Do not choose Wasm merely because code is computational. Prefer the host language when work is dominated by DOM manipulation, database or network waits, many tiny host calls, or data already represented as rich host objects. Avoid it when bundle size and cold startup outweigh a short calculation, when the required runtime features are unavailable, or when a team cannot debug and patch the added native toolchain. For a trusted server service with no portability or isolation need, a native process may be simpler and faster. For an ordinary web form, JavaScript is almost always the clearer tool.
Takeaways
- WebAssembly is a validated, typed compilation target. Its stack semantics are compiled to real machine code; validation checks structure and types, not business correctness.
- A core module declares imports and exports and owns instance state. Linear memory stores untyped bytes, while tables provide checked indirect references and function dispatch.
- Host calls are an ABI boundary. Pointer/length conventions, allocation, encoding, memory growth, and copies must be designed and measured explicitly.
- WASI supplies portable capability-oriented system interfaces; the component model and WIT add rich cross-language contracts above core modules.

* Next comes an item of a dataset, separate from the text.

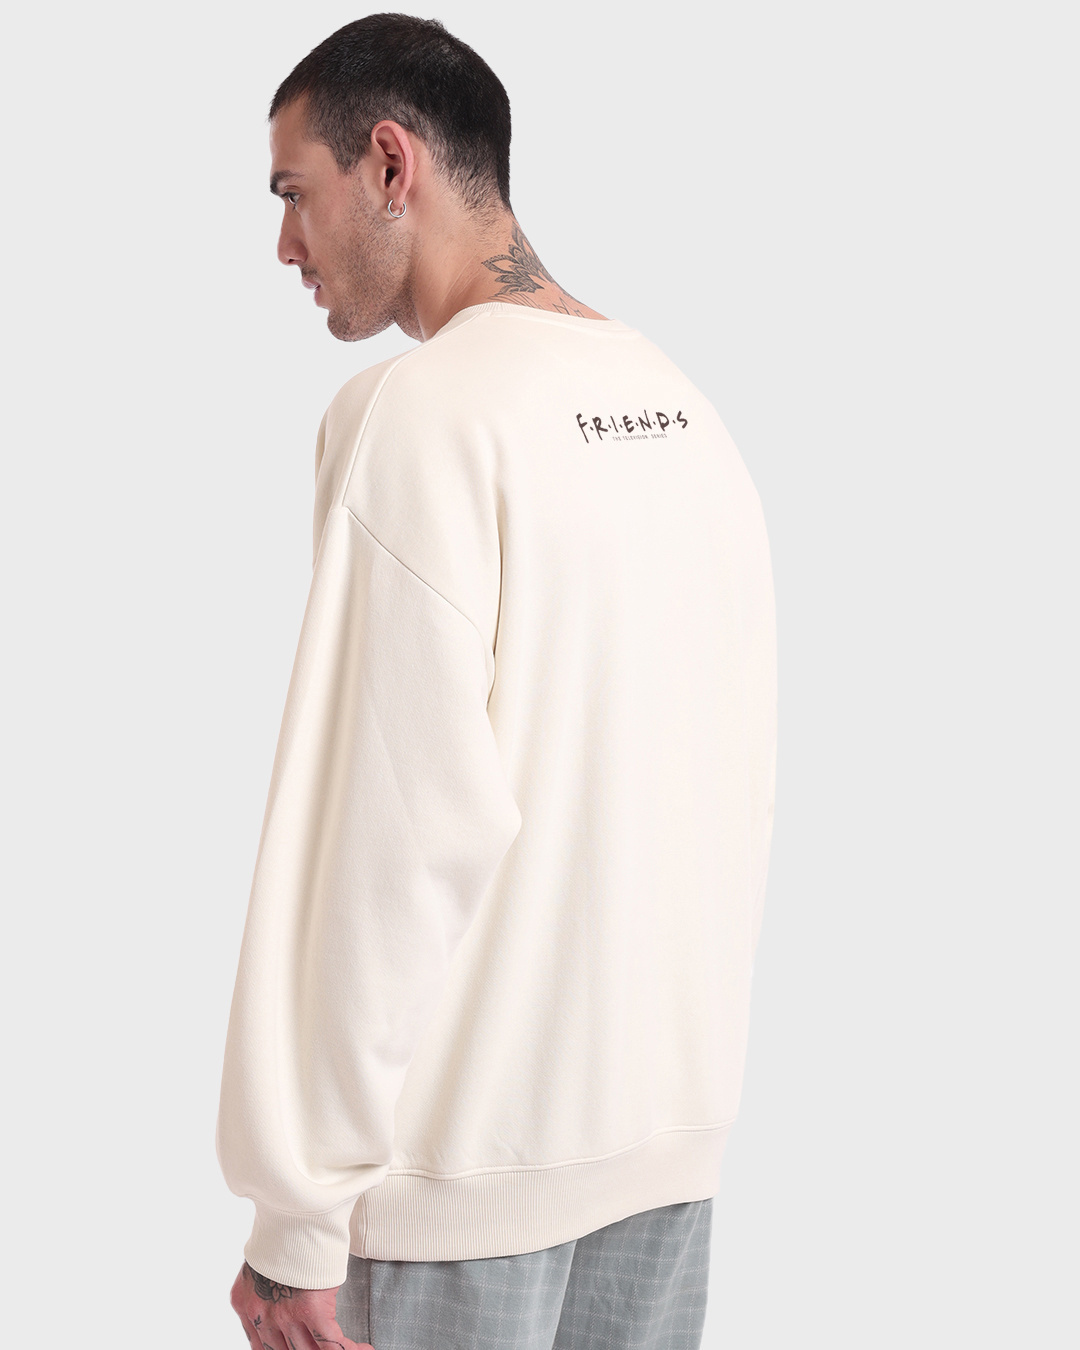 Shop Men's Gardenia Fluent in Friends Graphic Printed Oversized Sweatshirt-Back

- Sandboxing removes ambient access, not all risk. Host imports, resource exhaustion, unsafe-language bugs, side channels, and supply-chain compromise remain relevant.
- Wasm performs best when substantial computation and data stay inside the module. Startup, JIT or AOT strategy, feature support, and boundary overhead decide real performance.
- Use WAT and binary tools to inspect contracts, preserve debug metadata, and choose Wasm for portability, isolation, or reusable low-level code rather than novelty.